If the problem really is that the processor is confused about instruction length, I'm impressed that this problem can be fixed in microcode without a huge performance hit: my intuition (which could be totally wrong) is that computing the length of an instruction would be something synthesized directly to logic gates.
Actually, come to think of it, my hunch is that the uOP decoder (presumably in hardware) is actually fine and that the microcoded optimized copy routine is trying to infer things about the uOP stream that just aren't true --- "Oh, this is a rep mov, so of course I need to go backward two uOPs to loop" or something.
I expect Intel's CPU team isn't going to divulge the details though. :-)
I don't understand "ERMS" and "FSRM" and there seems to be nothing good on google about it.
Are these just CPUID flags that tell you that you can use a rep movsb for maximum performance instead of optimized SSE memcpy implementations? Or is it a special encoding/prefix for rep movsb to make it faster? In case of the later, why would that be necessary? How does one make use of fsrm?
Found this [1], which also links to the Intel Optimization Manual [2].
Seems like ERMS was a cheaper replacement for AVX and FSRM was a better version, for shorter blocks.
> Cheapest versions of later processors - Kaby Lake Celeron and Pentium, released in 2017, don't have AVX that could have been used for fast memory copy, but still have the Enhanced REP MOVSB. And some of Intel's mobile and low-power architectures released in 2018 and onwards, which were not based on SkyLake, copy about twice more bytes per CPU cycle with REP MOVSB than previous generations of microarchitectures.
> Enhanced REP MOVSB (ERMSB) before the Ice Lake microarchitecture with Fast Short REP MOV (FSRM) was only faster than AVX copy or general-use register copy if the block size is at least 256 bytes. For the blocks below 64 bytes, it was much slower, because there is a high internal startup in ERMSB - about 35 cycles. The FSRM feature intended blocks before 128 bytes also be quick.
FSRM is just the name of a cpu optimization that affects existing code.
Choosing an optimal instruction choice and scheduling can be done statically during compile time or dynamically (via chosing one of several library functions at runtime, or jitting).
In order to be able to detect which is the optimal instruction scheduling at runtime you need to know the actual CPU. You could have a table of all cpu models or you could just ask your OS whether the CPU you run on has that optimization implemented.
Linux had to be patched so that it can _report_ that a CPU does implement that optimization.
As described it's just a CPU crash exploit that requires local binary execution. Getting to a vulnerability would require understanding exactly how the corrupted microcode state works, and that seems extremely difficult outside of Intel.

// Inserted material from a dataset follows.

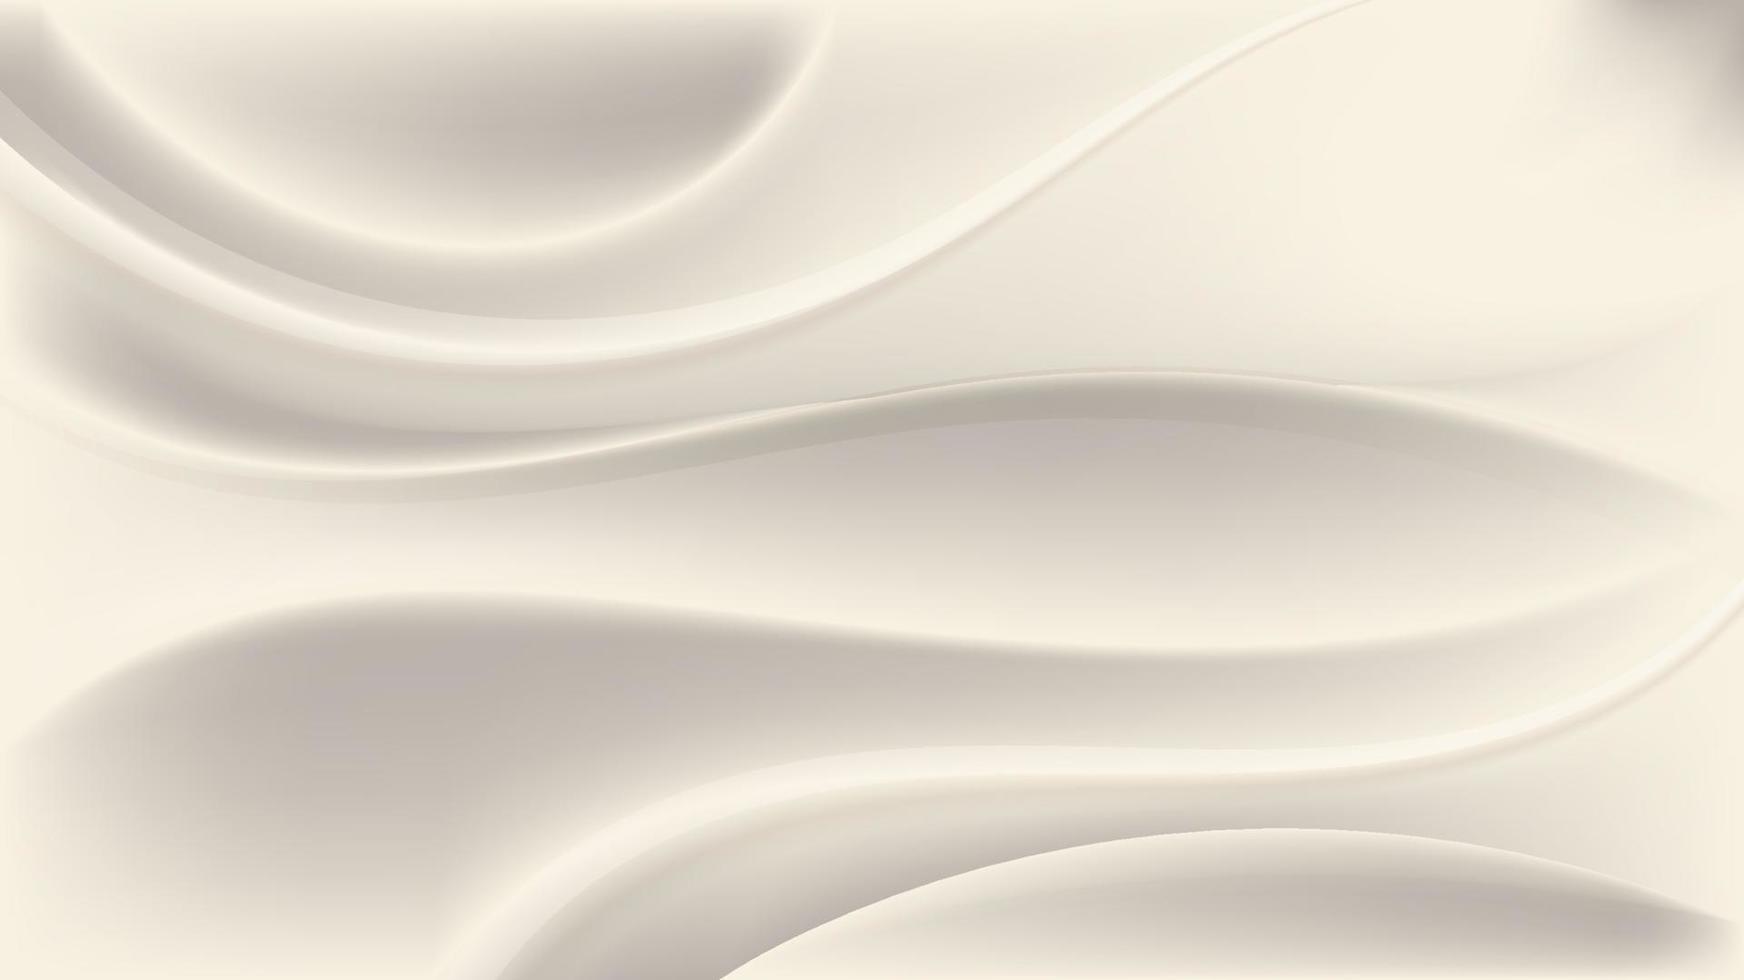 abstrakte elegante 3D-Weißgoldwellenformen und -linien auf sauberem Luxushintergrund vektor

It's not super-valuable yet, but it would keep you mount a really nasty DoS on cloud providers by triggering hard resets of the physical machines. Some people would probably pay for that, though it's obviously more interesting to push on privilege or exfiltration.
Particularly since the MCEs triggered could prevent an automatic reboot. Would depend what the hardware management system did - do machines presenting MCEs get pulled?
If I'm a cloud provider and somebody's workflow is hard resetting lots of my physical machines, I'm going to give them free access to single tenant machines at the very minimum. If they keep crashing the machines that only they run on, I guess that's ok.
You can exploit this from a single core shared instance.
So you go and find yourself a thousand cheap / free tier accounts, spin up an instance in a few regions each, and boom, you've taken out 10k physical hosts. And run it in a lambda at the same time, and see how well the security mechanisms identify and isolate you.
Causing a near simultaneous reboot of enough hosts is likely to take other parts of the infrastructure down.
I'm curious what part of this scheme involves "not ending up in jail"? Needless to say you can't do this without identifying yourself. To make this an exploitable DoS attack you need to be able to run arbitrary binaries on a few thousand cloud hosts that you didn't lease yourself.
> I'm curious what part of this scheme involves "not ending up in jail"? Needless to say you can't do this without identifying yourself.
Stolen credit cards are a dime a dozen, and nation state actors can just use their domestic banks or agents in the banks of other countries in a pinch to deflect blame or lay false trails.
If I were Russia or China, I'd invest a lot of money into researching all kinds of avenues on how to take out the large three public cloud providers if need be: take out AWS, Google, Microsoft and on the CDN side Cloudflare and Akamai and suddenly the entire Western economy grinds to a halt.
The only ones who will not be affected are the US government cloud services in AWS, as this runs separate from other AWS regions - that is, unless the attacker gets access to credentials that allow them executions on the GovCloud regions...
> If I were Russia or China, I'd invest a lot of money into researching all kinds of avenues on how to take out the large three public cloud providers
This subthread started with "is this issue a valuable exploit". Needless to say, if you need to invoke superpower-scale cyber warfare to find an application, the answer is "no". Russia and China have plenty of options to "take out" western infrastructure if they're willing to blow things up[1] at that scale.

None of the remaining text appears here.